As Tony Award-time comes around and the theater celebrates itself, we can turn to a treasure trove of theater history in the photos of the venerable Broadway photographer Leo Friedman. WNYC’s Sara Fishko takes a quick look at Friedman’s place in Broadway history.
The photographer Leo Friedman, now 92, shot pictures of theater legends for decades during Broadway’s "Golden Age", the 1950s and 60s. Friedman's work provides us with iconic on-stage and backstage images of Elizabeth Taylor, Richard Burton, Laurence Olivier, Katharine Hepburn, Barbra Streisand, and many others. His photography was especially dynamic for the time, as he worked in the 35 mm format. Unlike some of the less flexible formats in use then, 35mm allowed him to capture actors, singers and dancers in motion. His iconic shot of Carol Lawrence and Larry Kert (West Side Story original cast), running down the street, is one of the most familiar theater shots ever taken.

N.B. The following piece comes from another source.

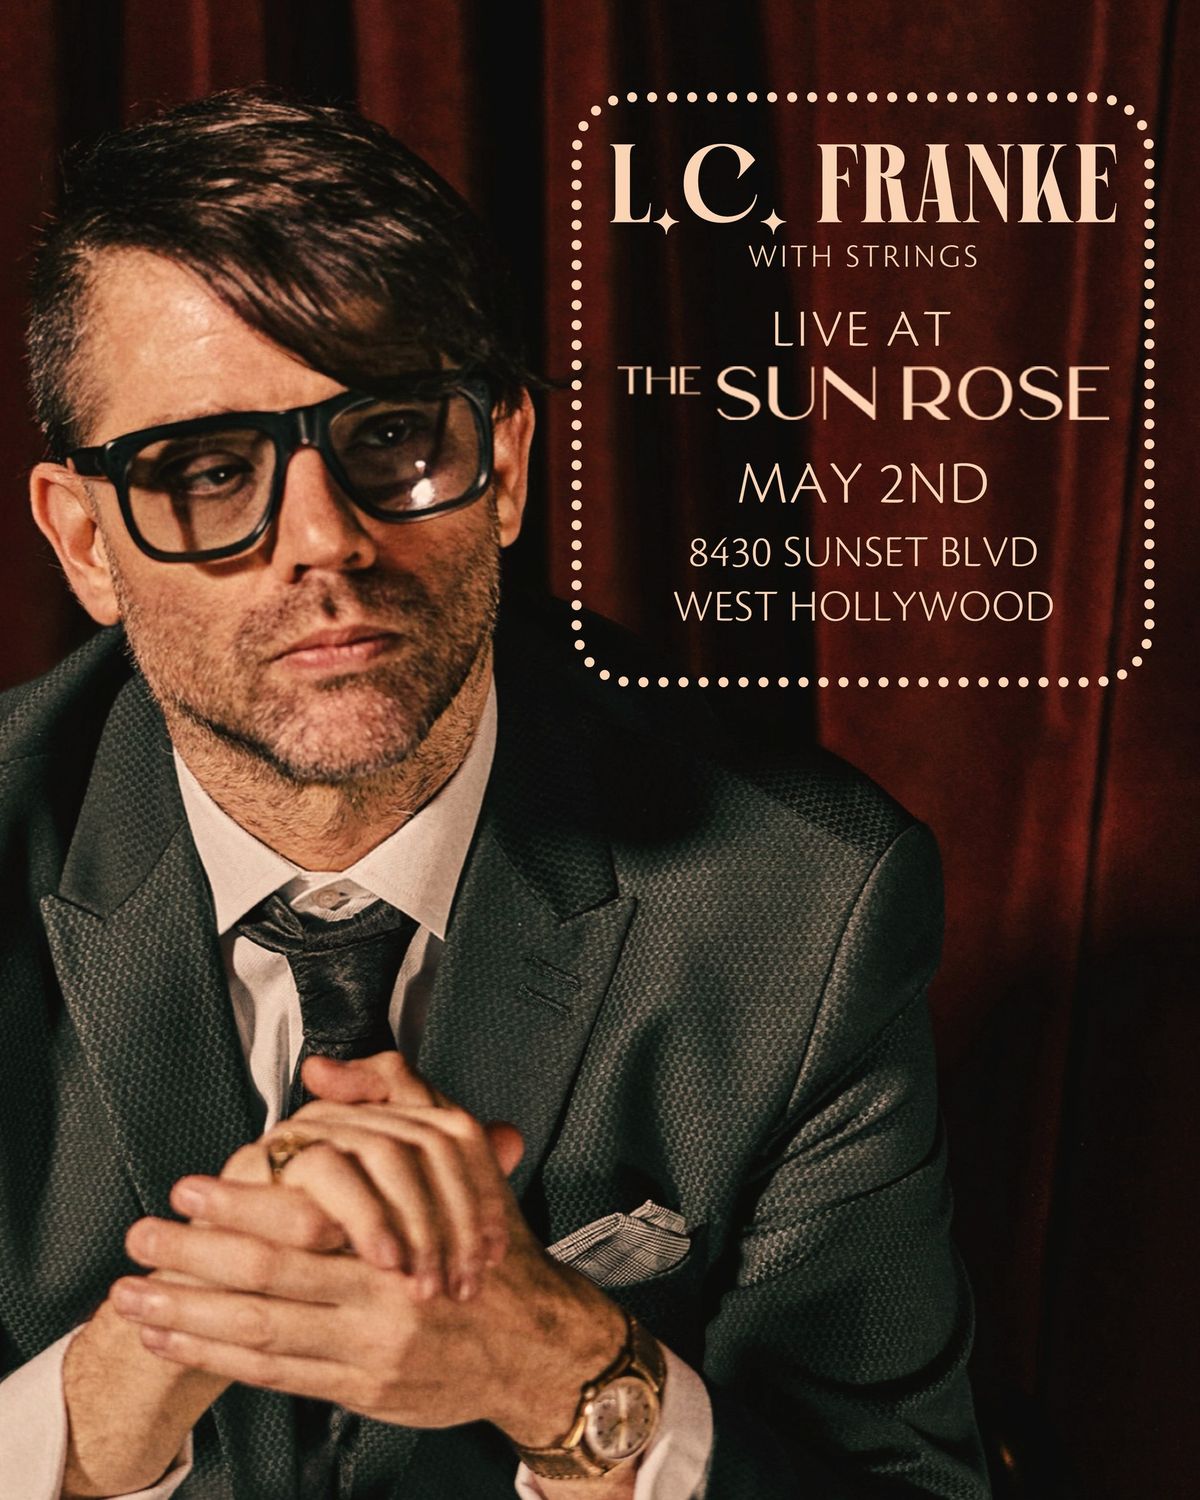 An evening with L.C. Franke at The Sun Rose in West Hollywood

Friedman began as an office boy for legendary producer Mike Todd, and rose quickly to become a partner in his own photography studio (Friedman-Abeles), with Broadway as his beat. Over the years, he befriended many of the stars he photographed: he tells stories of bike-riding with Hepburn, having tea with Olivier and protecting Burton and Taylor from crowds of fans.